I arrived at Enid Lashley's
Santa Cruz home after darkness had fallen and the frogs had
begun their hollow, haunting back and forth. Immediately I
regretted the late call. Because I couldn't experience the
full impact of her professionally tended garden. Her house
occupies one lot. Her passion for horticulture takes up another.
She prides herself on having successfully nurtured plants
that aren't even meant for the tropics. (Of all things there's
a pot of lush, glossy holly in the driveway.) A rustic, wooden
potting shed sits at one end of the yard. A storeroom is at
the other. And I'm told there's an anthurium shed behind the
mango tree.
The erect, agile 83-year-old says gardening is her only exercise.
This along with the jet black pony tail and waxed brows make
it difficult to believe that she had already retired when
she started the flower arranging group at the Horticultural
Society two decades ago. (She worked at the Ministry of Works
for almost 40 years and was the first woman head of a division
when she left). I'd have liked to discuss the early "struggle"
of women in management positions in Trinidad and Tobago's
public sector. But Lashley wasn't having it. She's spent her
day cutting flowers from her garden for sale at the Society's
Lady Chancellor Hill Flower Market and making notes for our
interview. The flower arranging group will commemorate its
20th anniversary next week. And that's what I was there to
talk about, she reminded.
"January 1988," she starts. "We asked what
groups people would be interested in joining. 14 wanted to
do flower arranging." By then she had already been a
member of the Society for 16 years. The idea of composing
centerpieces or decorating church halls caught her fancy,
but, really, horticulture was her thing. Yet she dove into
the task of organising and inspiring the group. Pearl Clarke
Alfred (Lashley is particular about every single name, every
single date) offered basic tuition to a small group for a
few months. Then Lorraine Mahabal and Laurel Mc Dowel took
over. A core group learned the basics. Attracting advanced
trainers and increased participation was more difficult. There
was a shaky start in which the group tried everything from
sessions on arrangements for bridal parties to competitions
with attractive prizes to generate enthusiasm.

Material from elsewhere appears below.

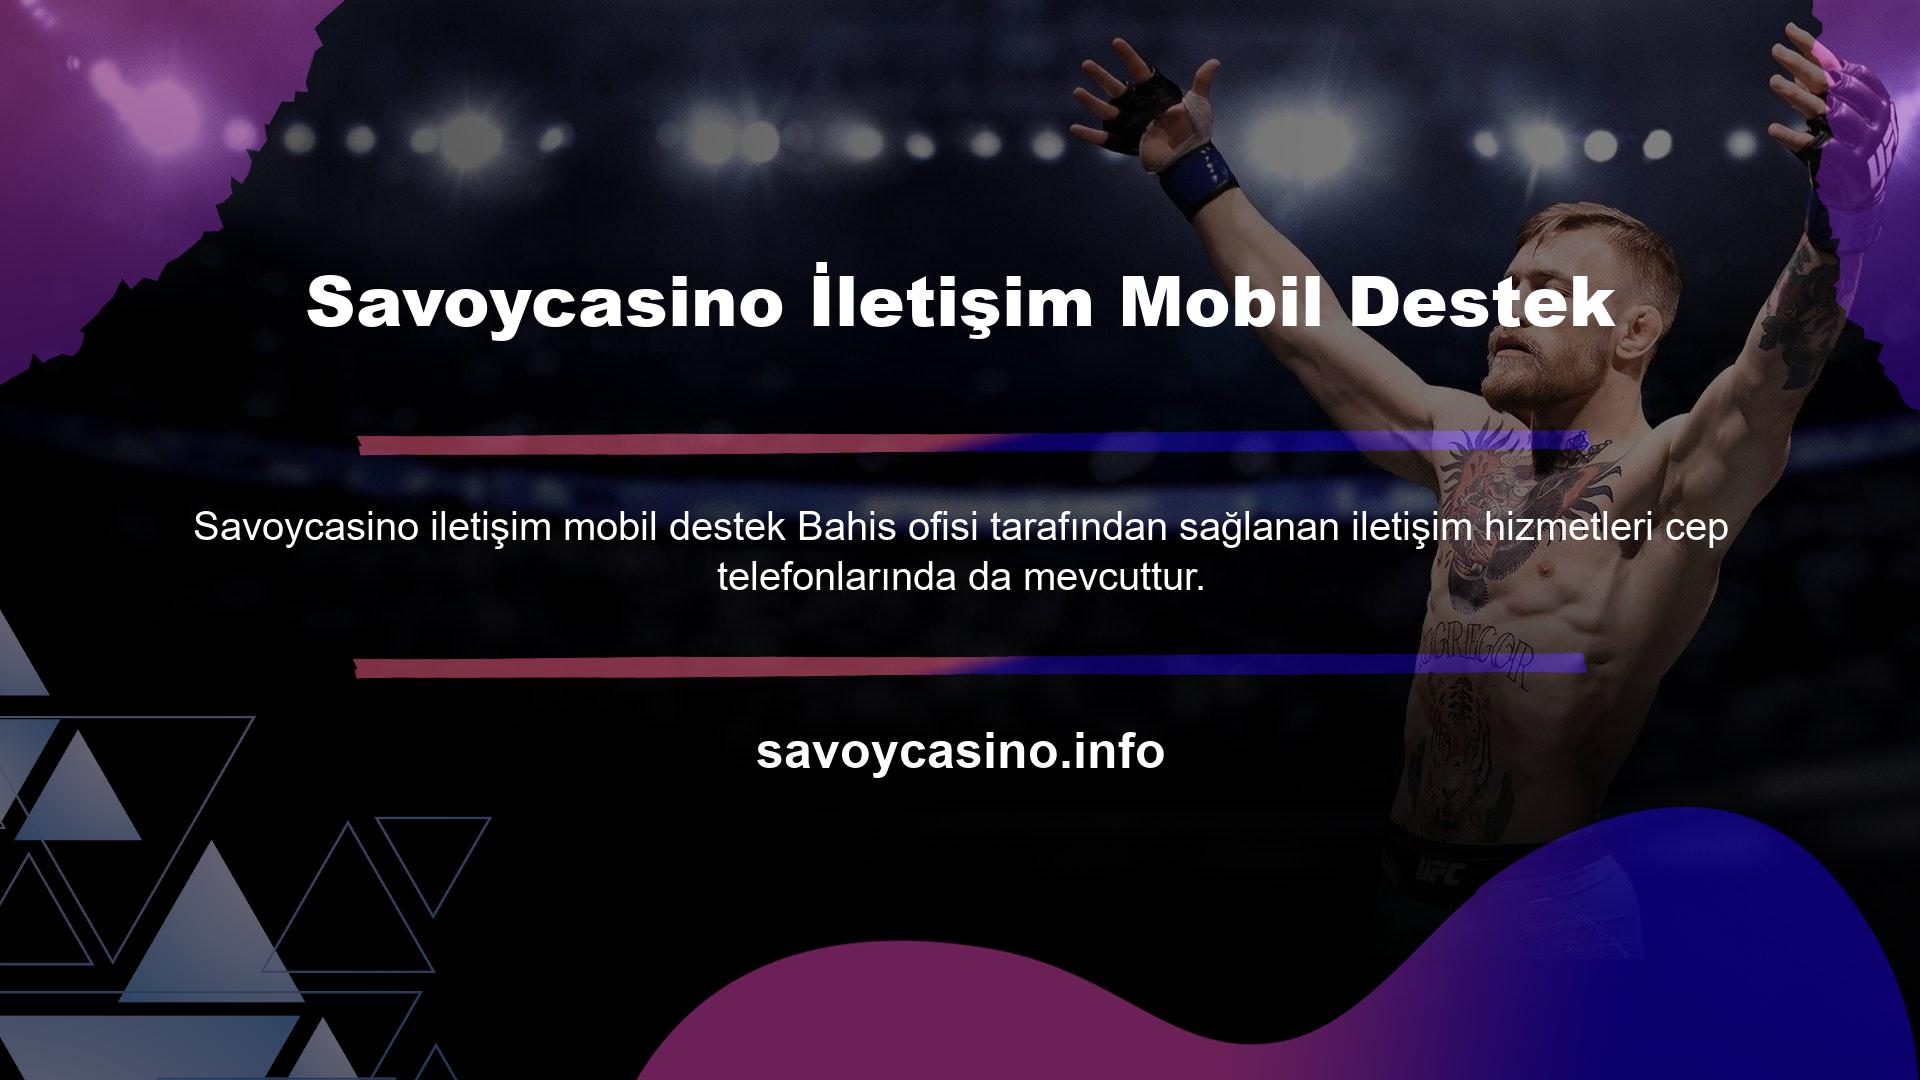 Mobil Uyumlu Savoycasino iletişim destek yöntemleri, sorularınızı farklı şekillerde yanıtlıyor

"In the meantime I wasn't wasting time," Lashley
said. She bought book after book by English authors. The wastelands
left by World War II bombings inspired a renewed interest
in nature and beauty in London. And the interest in flower
arranging was revived. Arrangers wrote. And Lashley read.

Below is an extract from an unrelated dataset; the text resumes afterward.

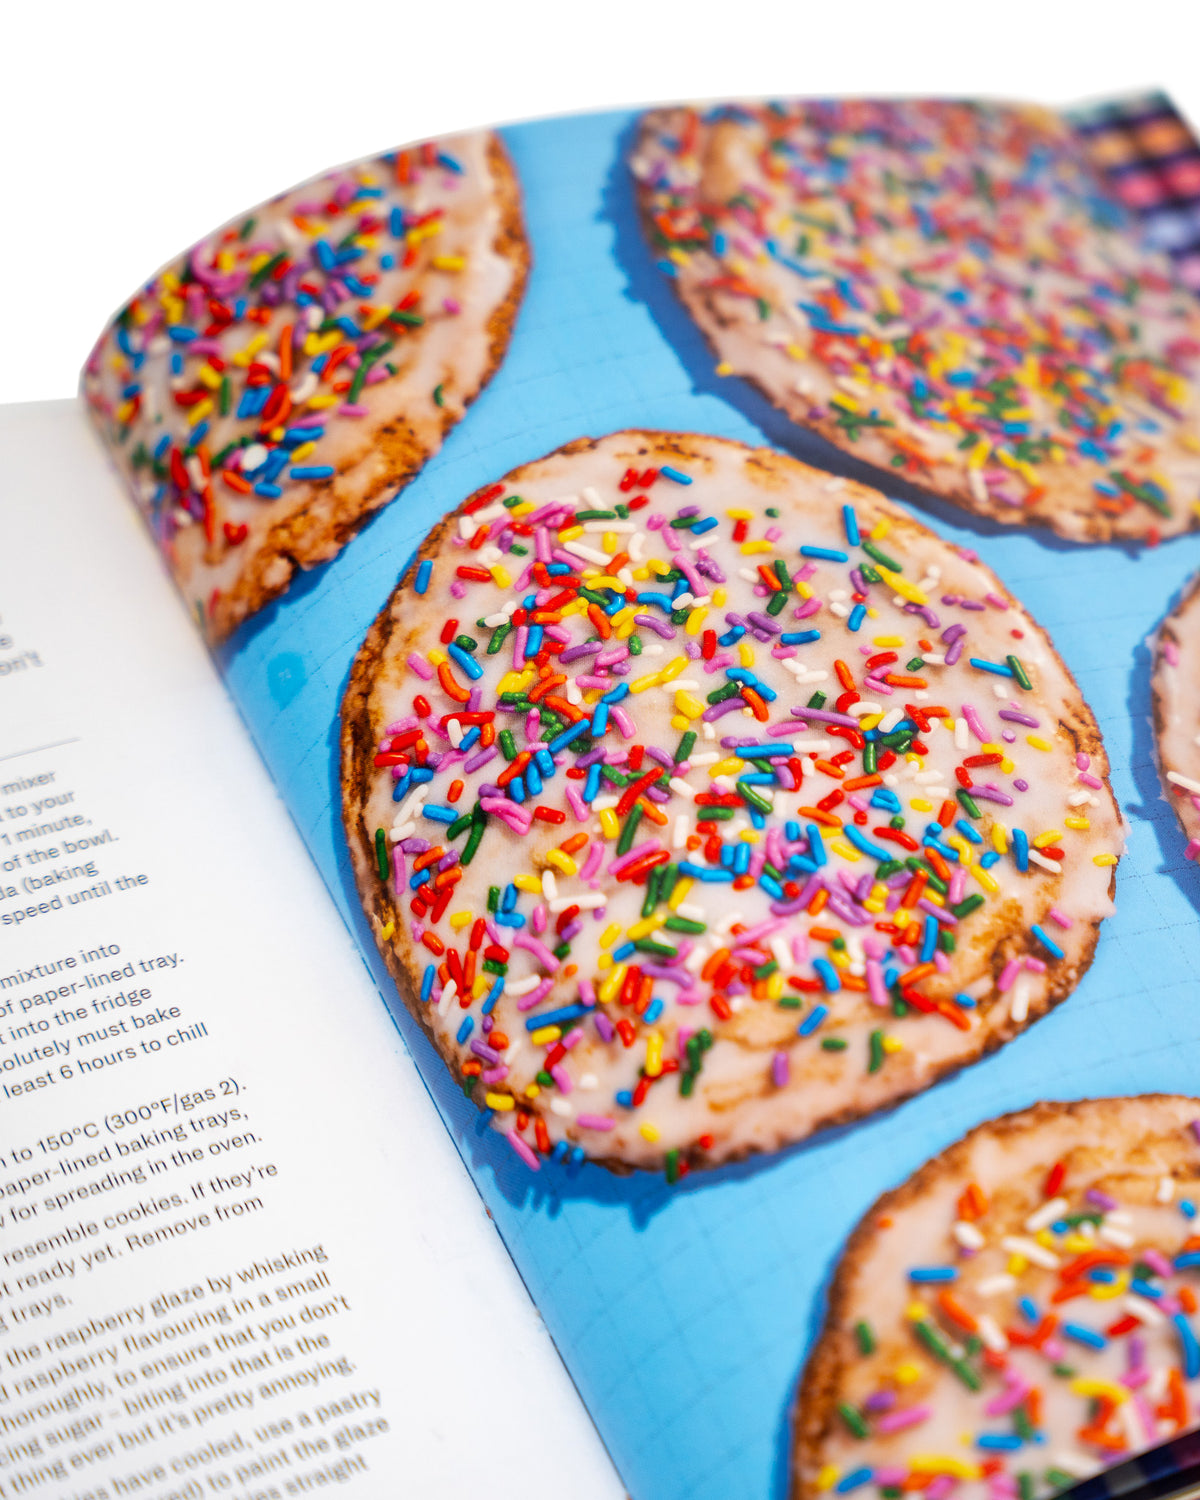 Get Baked: Sensational Cakes, Bakes & Desserts

Voraciously. The glimpses that these pages offered opened
a whole new world of possibility in terms of ideas and networking.
In fact a turning point came in 1990 when a friend handed
her a copy of the magazine The Flower Arranger.

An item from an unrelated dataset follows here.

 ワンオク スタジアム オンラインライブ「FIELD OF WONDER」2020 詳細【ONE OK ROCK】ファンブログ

"When I opened the book and saw what was happening all
over the world I was amazed that they had moved away from
the methods of the forties. People were shocked to see wood
in flower arranging, fruits and vegetables and so on. It was
like you're going down one road all the time and you turn
a corner and saw all these things you didn't see before. I
promptly started to subscribe and to move the girls forward."
She's as excited about this as a fashionista is about the
latest Cosmo: "The point is," she says, "these
books tell you what's going to happen from month to month."